During the last three years, Ms Aris has served on the Board of Vivid Technology Limited (Non-Executive
Director from October 2018 to July 2019).
Michelle Guthrie (Independent Non-Executive Director)
Ms Guthrie was appointed a Director on 15 July 2021. Ms Guthrie has had an extensive career in media,
entertainment, funds management, technology and professional services spanning more than 30 years, in both
executive and non-executive roles. Ms Guthrie was Managing Director of the Australian Broadcasting
Corporation between 2016 and 2018. Prior to that, Ms Guthrie held senior roles with Google, where she was
the Managing Director of several divisions in APAC. Ms Guthrie was Managing Director of Providence Equity, a
funds management firm based in Hong Kong, Chief Executive of Star Group and Corporate Counsel for Foxtel
and News International. Ms Guthrie commenced her working career at Allen, Allen & Hemsley and holds a
Bachelor of Arts and Law (Sydney).
Ms Guthrie has served on the Board of the following listed companies in the last three years:
StarHub Limited (Non-Executive Director from August 2017 to date)
Catapult Group International Limited (Non-Executive Director from December 2019 to date)

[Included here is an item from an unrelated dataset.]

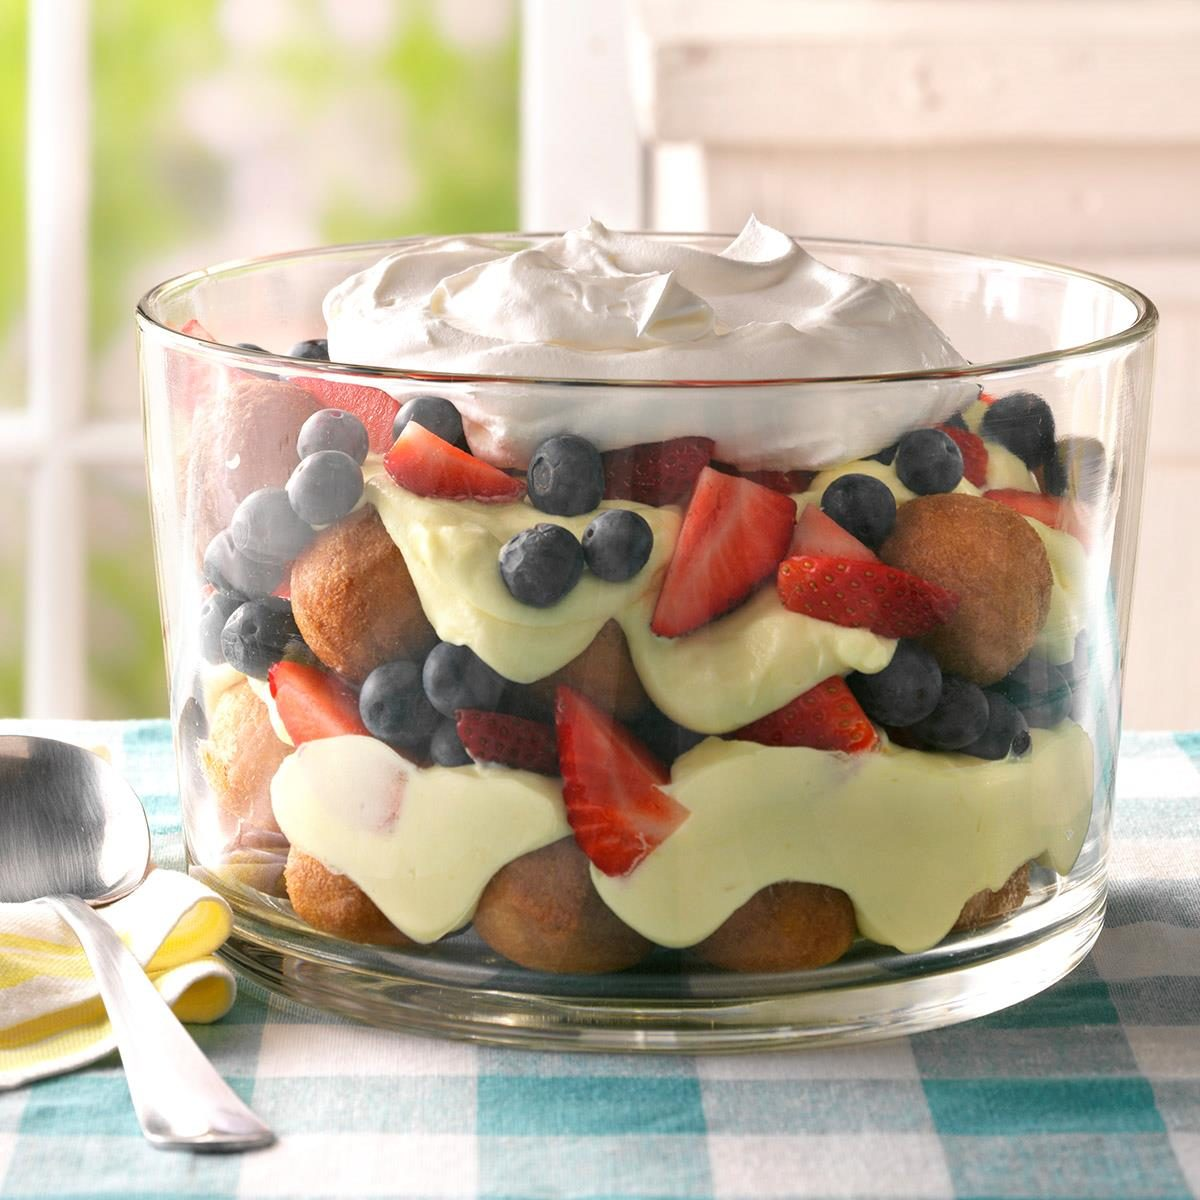 Berry, Lemon and Doughnut Hole Trifle
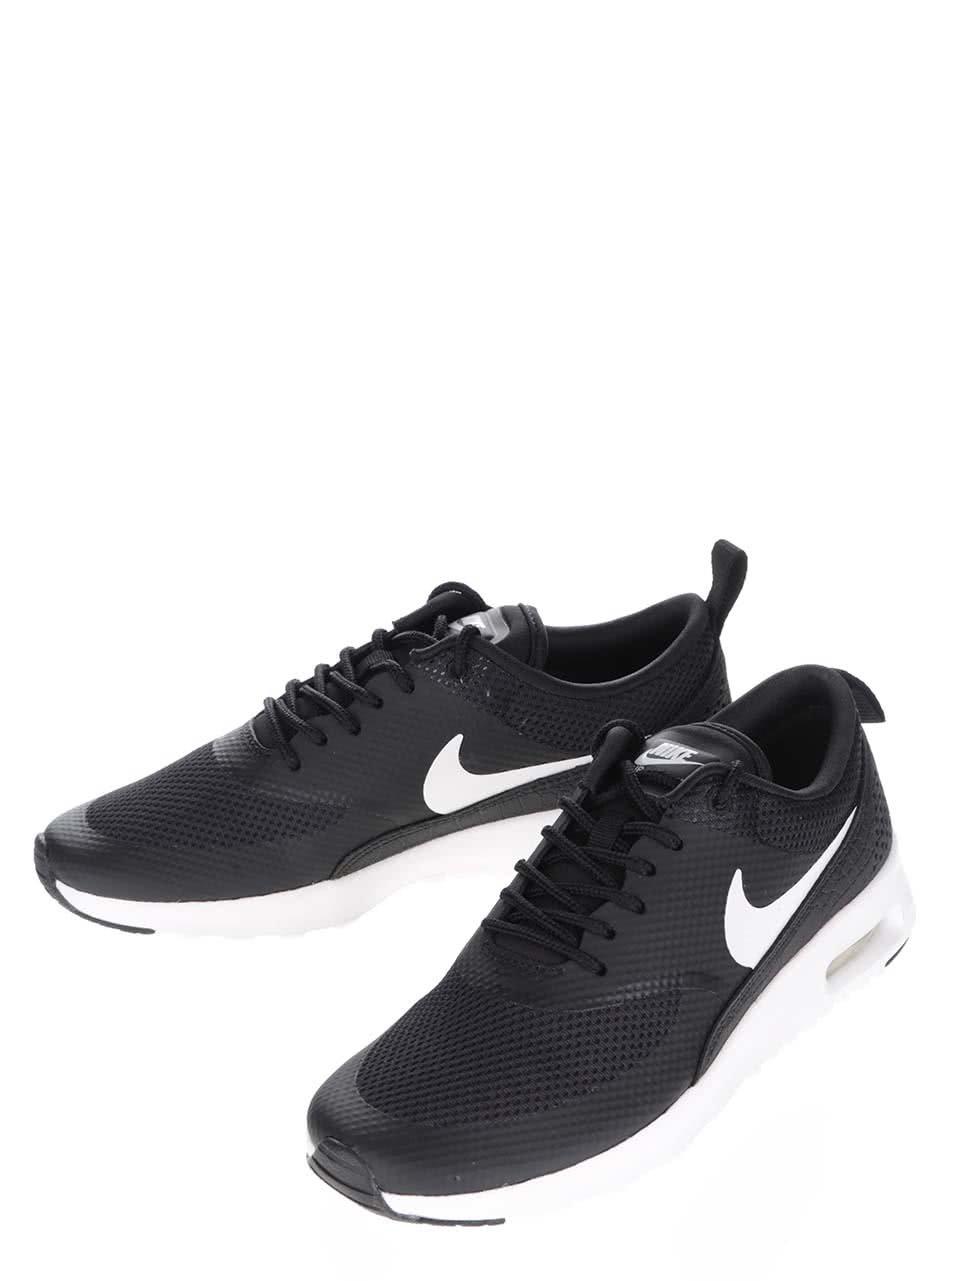 outlet store ad34f d9b31 Pantofi sport negri pentru femei Nike Air Max Thea ...

Mighty Kingdom Limited (from November 2020 to date)
Calvin Ng (Non-Independent Non-Executive Director)
Mr Ng was appointed a Director on 15 July 2021. Mr Ng has significant investment banking, mergers &
acquisitions and funds management experience. Mr Ng is a co-founder and Managing Director of the Aura
Group, an independent corporate advisory, funds and wealth management firm. He was also a co-founder of
Finsure, which merged with Goldfields Money Limited in 2018 to form BNK. Mr Ng holds a Bachelor of
Commerce and Bachelor of Laws (UNSW) and was admitted to practice in the Supreme Court of NSW in 2010.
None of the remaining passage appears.